Na quarta-feira, às 23h50, a
tragédia de repercussão mundial completa 20 anos -sem
que ninguém tenha pagado por
ela. Apenas um parente de um
garçom recebeu o equivalente a
R$ 20 mil -isso porque percorreu um caminho mais curto. O
seu advogado entrou com a
ação contra o restaurante Sol e
Mar, dos donos do barco, e não
contra o Bateau Mouche, como
todos os outros.
Depois de adernar, o barco
emborcou e afundou 20 metros, no trecho entre a ilha de
Cotunduba e o Morro da Urca,
em frente à praia Vermelha.
"Olha que maravilha!"
O primeiro contato da família Donadio com o Bateau Mouche foi no Natal de 1987, quando Plínio jantava com a mulher,
Vitória, e os filhos no restaurante Sol e Mar, na praia de Botafogo, no Rio, e recebeu um folheto de propaganda do Réveillon no barco.

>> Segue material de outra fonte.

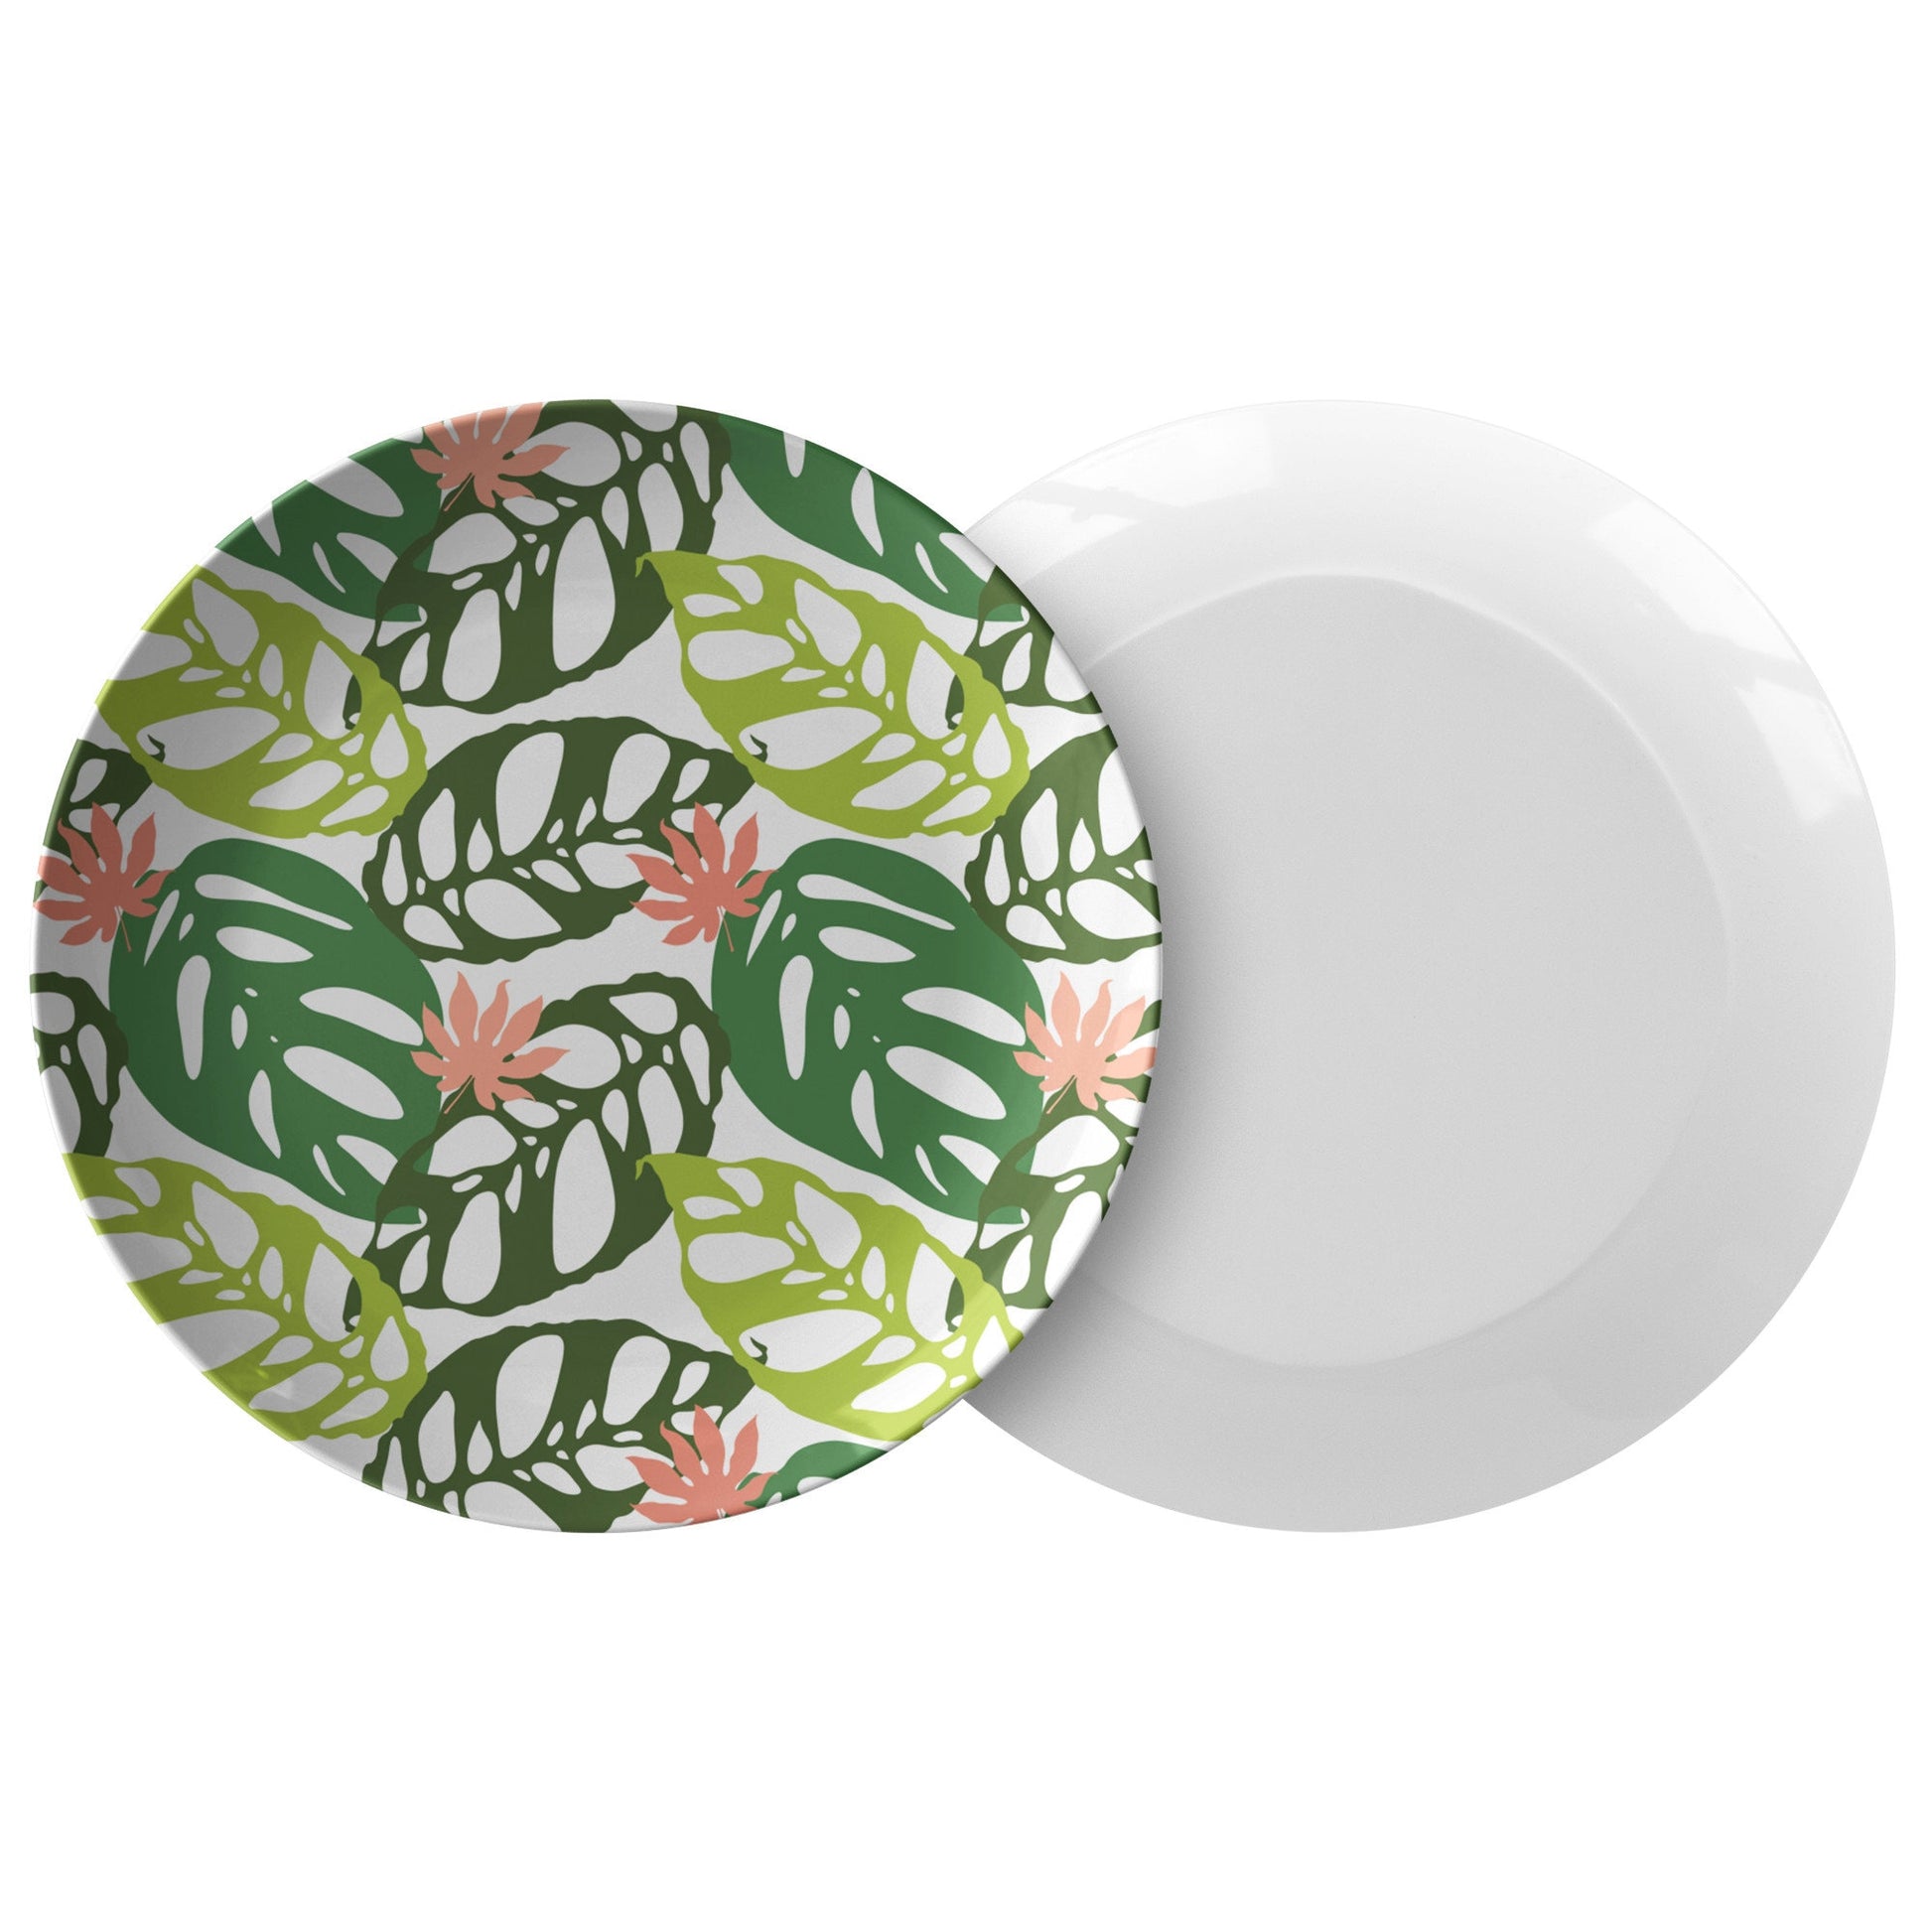 Tropical Palm Leaf Plate Set, Alyssa Reuven Original Design

"Olha que maravilha isso",
disse Vitória, mostrando para
os filhos a foto do barco iluminado. "A gente poderia passar o
Réveillon no mar", sugeriu.
Mas Plínio achou que estava
muito em cima da hora, eles já
tinham programado ver os fogos com amigos na praia de Copacabana, e convenceu a mulher a deixar a festa no barco
para o ano seguinte.
Evidentemente, não passou
pela cabeça dele que ela se lembraria da promessa um ano depois, muito menos que conseguiria, de São Paulo, onde moravam, comprar cinco ingressos na véspera do Réveillon e,
menos ainda, que o Bateau
Mouche naufragaria deixando
55 mortos, entre eles a própria
Vitória. "Estávamos eu, ela,
uma filha grávida de cinco meses, meu genro e o meu caçula,
de 11 anos", conta.
Culpa de quem?
O processo criminal contra o
grupo de espanhóis que empresariavam o Bateau Mouche
prescreveu antes de a tragédia
completar dez anos, deixando
os sete sócios do barco e os dois
da agência de turismo Itatiaia
(que vendeu os ingressos) livres. Todos foram absolvidos
em primeira instância, pelo juiz
Jasmin Simões Costa.
Quatro saíram do Brasil pela
porta da frente, apresentando
os passaportes em dia. Os dois
menos ricos -que trabalhavam
como gerentes no restaurante,
mas tinham participação na sociedade- foram condenados
em segunda instância. Cumpriram quatro meses da pena,
em regime semi-aberto, e fugiram com um terceiro, condenado por sonegação fiscal, para a
Europa.
"Não me pergunte como isso
acontece, como criminosos
saem do país assim. Eu fico
apavorado com esses mecanismos", diz o advogado de defesa
de 26 parentes de vítimas, em
32 ações, João Tancredo.
Entre seus clientes estão
Bernardo e João Mário, filhos
da atriz Yara Amaral, e o ex-ministro do Planejamento Anibal
Teixeira, último a entrar com
ação cível, há dez dias, antes do
fim do prazo para a reclamação,
no próximo dia 31.
"Foi bom para o ministro"
Para se fortalecer na ação,
Bernardo, hoje com 35, fundou
com Tancredo uma associação
de parentes das vítimas do naufrágio chamada Bateau Mouche Nunca Mais.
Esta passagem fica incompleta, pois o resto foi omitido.